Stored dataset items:
<<<<

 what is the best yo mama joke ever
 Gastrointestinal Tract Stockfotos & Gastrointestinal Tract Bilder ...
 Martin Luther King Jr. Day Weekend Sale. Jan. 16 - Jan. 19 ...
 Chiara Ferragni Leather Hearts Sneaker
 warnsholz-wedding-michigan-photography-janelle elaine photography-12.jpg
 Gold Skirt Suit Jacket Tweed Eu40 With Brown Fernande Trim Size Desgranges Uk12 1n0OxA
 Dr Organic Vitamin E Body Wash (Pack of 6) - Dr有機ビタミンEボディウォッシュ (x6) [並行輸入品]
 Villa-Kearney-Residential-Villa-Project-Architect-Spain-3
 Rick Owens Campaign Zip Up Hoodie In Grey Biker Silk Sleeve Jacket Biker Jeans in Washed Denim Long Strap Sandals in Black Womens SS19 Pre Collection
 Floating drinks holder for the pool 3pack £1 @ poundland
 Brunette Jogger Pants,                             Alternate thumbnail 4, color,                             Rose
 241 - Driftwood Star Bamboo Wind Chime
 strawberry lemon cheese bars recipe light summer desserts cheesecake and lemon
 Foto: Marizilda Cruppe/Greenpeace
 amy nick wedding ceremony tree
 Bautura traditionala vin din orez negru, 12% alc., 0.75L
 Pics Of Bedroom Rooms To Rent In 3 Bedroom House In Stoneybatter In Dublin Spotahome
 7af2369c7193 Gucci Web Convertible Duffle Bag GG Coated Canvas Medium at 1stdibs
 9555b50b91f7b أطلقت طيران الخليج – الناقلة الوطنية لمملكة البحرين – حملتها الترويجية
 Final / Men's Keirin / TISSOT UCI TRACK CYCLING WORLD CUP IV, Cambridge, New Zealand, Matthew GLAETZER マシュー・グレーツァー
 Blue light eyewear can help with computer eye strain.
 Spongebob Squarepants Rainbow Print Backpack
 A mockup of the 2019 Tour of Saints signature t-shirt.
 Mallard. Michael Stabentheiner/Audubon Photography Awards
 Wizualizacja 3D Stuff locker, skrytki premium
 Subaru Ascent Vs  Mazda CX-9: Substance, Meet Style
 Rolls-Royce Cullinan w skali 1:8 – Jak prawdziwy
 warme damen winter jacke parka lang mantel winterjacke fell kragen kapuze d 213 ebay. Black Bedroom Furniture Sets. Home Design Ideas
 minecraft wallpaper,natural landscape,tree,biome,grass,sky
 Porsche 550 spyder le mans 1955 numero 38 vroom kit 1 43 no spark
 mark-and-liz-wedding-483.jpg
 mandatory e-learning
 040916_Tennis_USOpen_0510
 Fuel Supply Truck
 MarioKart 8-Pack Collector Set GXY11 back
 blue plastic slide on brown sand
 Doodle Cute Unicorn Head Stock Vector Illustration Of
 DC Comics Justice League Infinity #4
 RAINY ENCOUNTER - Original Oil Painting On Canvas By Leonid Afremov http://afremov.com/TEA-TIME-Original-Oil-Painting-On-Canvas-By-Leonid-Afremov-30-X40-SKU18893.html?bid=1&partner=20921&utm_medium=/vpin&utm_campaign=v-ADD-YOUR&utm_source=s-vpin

>>>>

### What is being asked
Once you have counted the lines above that contain "wedding", give that number alone.

### Output below
3